1R05 Fire Protection
.1 Resident Inspector Quarterly Walkdowns
a. Inspection Scope
The inspectors conducted tours of the areas listed below to assess the material condition and operational status of fire protection features. The inspectors verified that NextEra controlled combustible materials and ignition sources in accordance with administrative procedures. The inspectors verified that fire protection and suppression equipment was available for use as specified in the area pre-fire plan, and passive fire barriers were maintained in good material condition.
EDG building oil tank room train B on November 13, 2012 EFW pump house on November 13, 2012 A residual heat removal (RHR) equipment vault on November 21, 2012 B RHR equipment vault on December 27, 2012
1R06 Flood Protection Measures
.1 Annual Review of Cables Located in Underground Bunkers/Manholes
a. Inspection Scope
The inspectors conducted an inspection of underground manholes subject to flooding that contain safety-related cables. The inspectors observed NextEra staff checking manhole water level on two occasions, dewatering as necessary, and verified through NextEras cable monitoring program documents and past photographs of all six manholes subject to flooding that the identified water level was below the level of the cables. The inspectors also reviewed two past work orders to verify that NextEra pumped water out of the manholes before the level became deep enough to submerge the cables.
b.
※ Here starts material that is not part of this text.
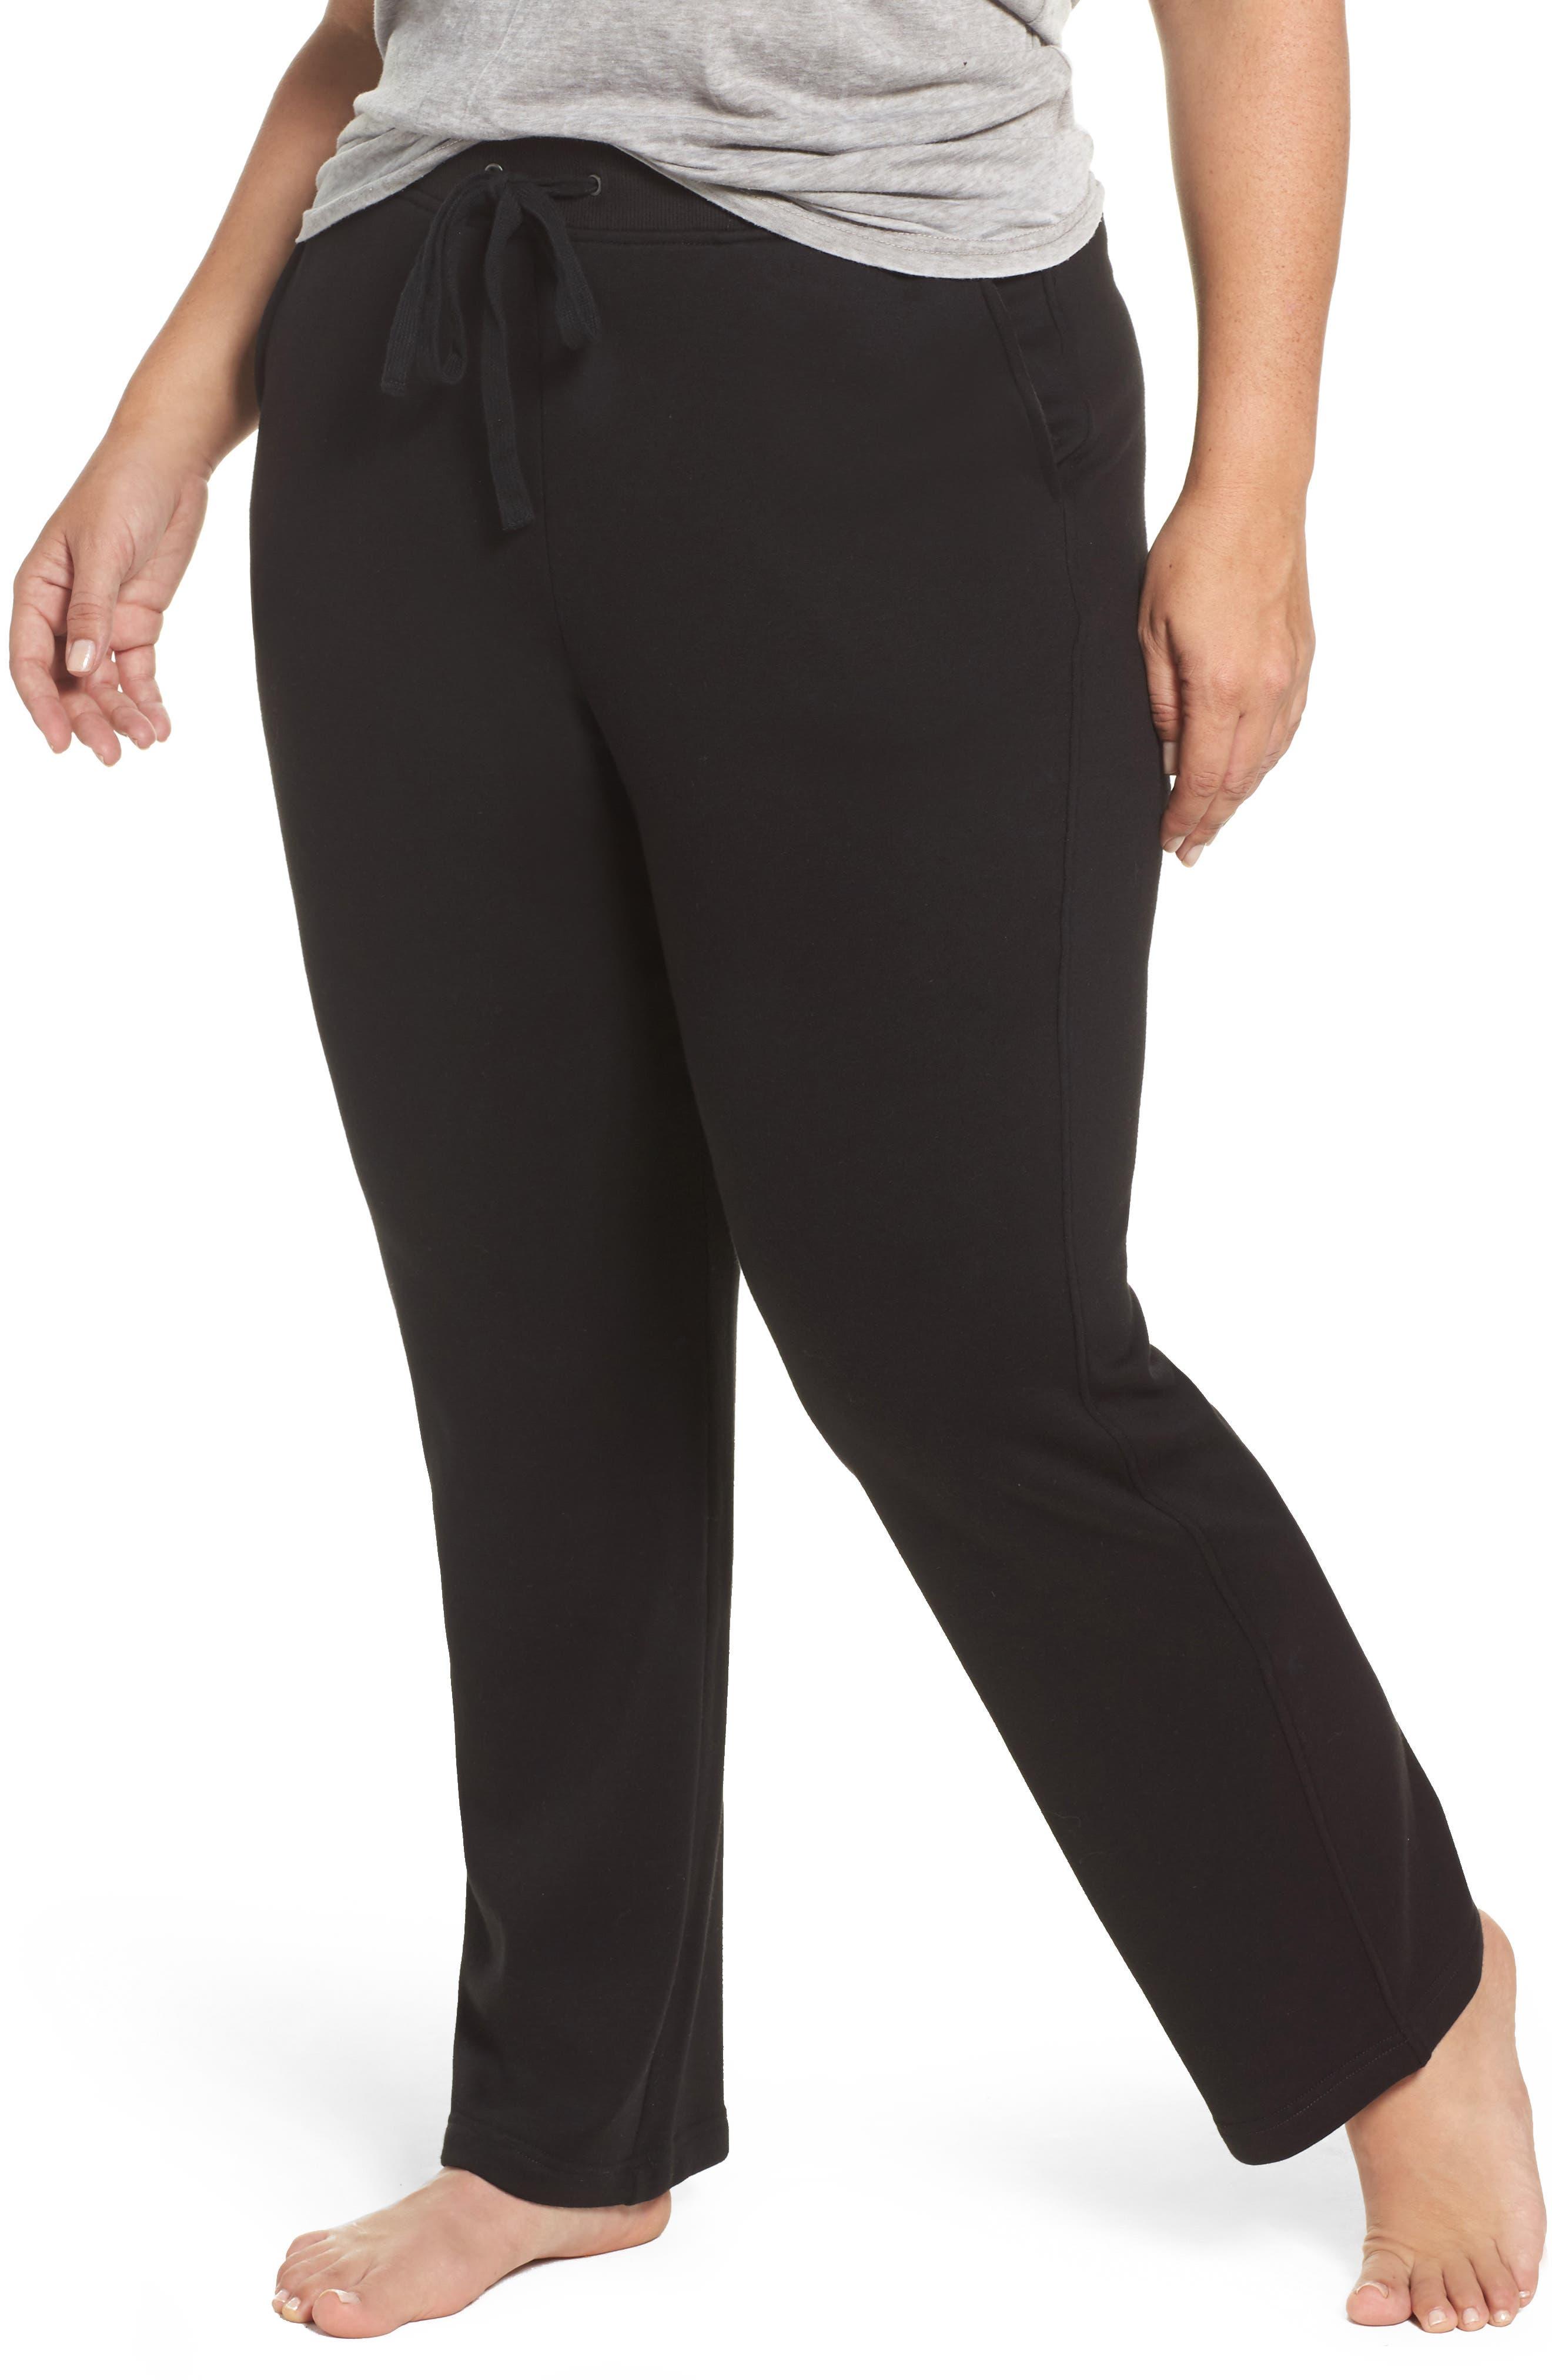 Penny Fleece Sweatpants,                         Main,                         color, BLACK

Findings
No findings were identified.
1R08 In-service Inspection
a. Inspection Scope
From September 17 through September 21, and between September 30 and October 5, the inspectors conducted a review of NextEras implementation of in-service inspection (ISI) program activities for monitoring degradation of the reactor coolant system pressure boundary, risk significant piping and components, and containment systems for Seabrook Station Unit 1. The sample selection was based on the inspection procedure objectives and risk priority of those pressure retaining components in these systems where degradation would result in a significant increase in risk. The inspectors observed in-process non-destructive examinations (NDE), reviewed documentation, and interviewed inspection personnel to verify that the non-destructive examination activities performed as part of Period 1 of the Third 10 year Interval of the Seabrook Unit 1 In-service Inspection Program during outage OR15 were conducted in accordance with the requirements of American Society of Mechanical Engineers (ASME) Boiler and Pressure Vessel Code Section XI, 2004 Edition, No Addenda.
Nondestructive Examination and Welding Activities (Section 02.01)
The inspectors performed direct observations of NDE activities in process and reviewed records of nondestructive examinations listed below:
ASME Code Required Examinations Reviewed the ultrasonic (UT) records of the inspection of weld overlay RC E-10 S-SWOL-ISI and the UT thickness examinations of degraded service water piping, and observed the inspections and reviewed the pre-service UT records of safety injection system welds 0251-07-04, 0251-07-05, and 0251-07-09.
Documentation review of the bare metal visual examination of the reactor vessel upper closure head and control rod drive mechanism nozzle penetrations.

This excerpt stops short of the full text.